Abundance of m5C Peaks in lncRNA
We next determined the abundance of peaks in lncRNA according to tissue type. Notably, 91.4% of the lncRNA contained one m5C peak, which was slightly lower than the 92.9% of single peak lncRNA in adjacent non-tumor tissues (Figure 1D). Percentages for two peaks (7.7% HCC vs 6.4% adjacent non-tumor tissues), three peaks (0.79% HCC vs 0.58% adjacent non-tumor), and more than three peaks (0.17% HCC vs 0.16% adjacent non-tumor tissues) were also determined.
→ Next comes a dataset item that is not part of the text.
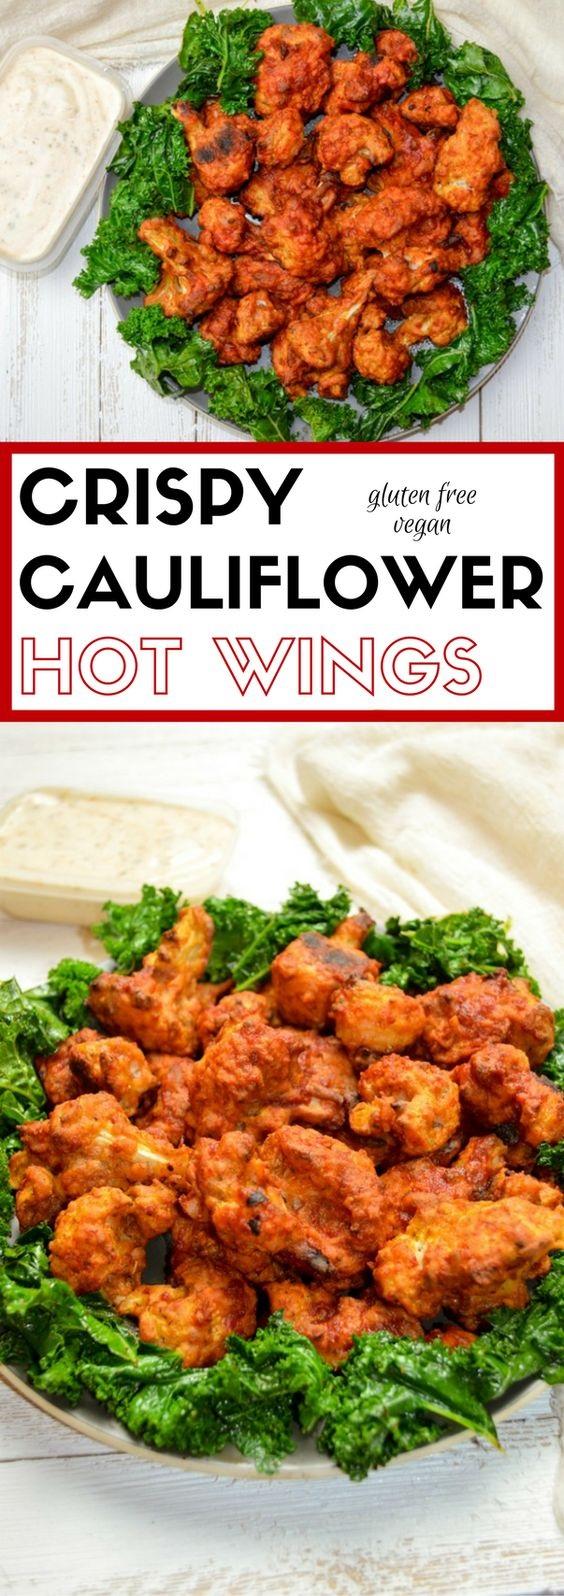 Crispy Cauliflower Hot Wings

Heatmap of m5C Levels in Human HCC and Adjacent Non-Tumor Tissues
Quantitatively, the methylation of m5C sites varied between HCC and adjacent non-tumor tissue based on unsupervised hierarchical cluster analysis. A heatmap of methylation levels showed the apparent expression difference between the two tissue types (Figure 2A). Specifically, cluster analysis revealed that the degree of m5C methylation had intra-tissue consistency and inter-tissue differences between HCC and adjacent non-tumor tissue.
 |
Figure 2 m5C levels and distribution of chromosome in human HCC and adjacent non-tumor tissue. (A) A cluster tree at the top indicates the relatedness of the two tissues (x-axis) or methylation levels (y-axis). The heatmap uses a color scale to indicate the relative methylation level at each locus. Each row of colored lines (N = 117) represents the methylation level for each CpG locus: red for hypermethylated and yellow for hypomethylated. Each column (n = 12) corresponds to each tissue. (B) Circos plot showing the distribution of m5C methylation sites on each chromosome. Red represents HCC, blue represents adjacent non-tumor tissue. |
Chromosome Visualization of m5C in lncRNA
In HCC and adjacent non-tumor tissues, we investigated the distribution of m5C methylation sites throughout the whole genome (Figure 2B). We found that m5C sites were dispersed across all chromosomes, which may indicate the extent to which m5C functions in cells. m5C methylation levels and distribution were different on each chromosome between the two tissue types.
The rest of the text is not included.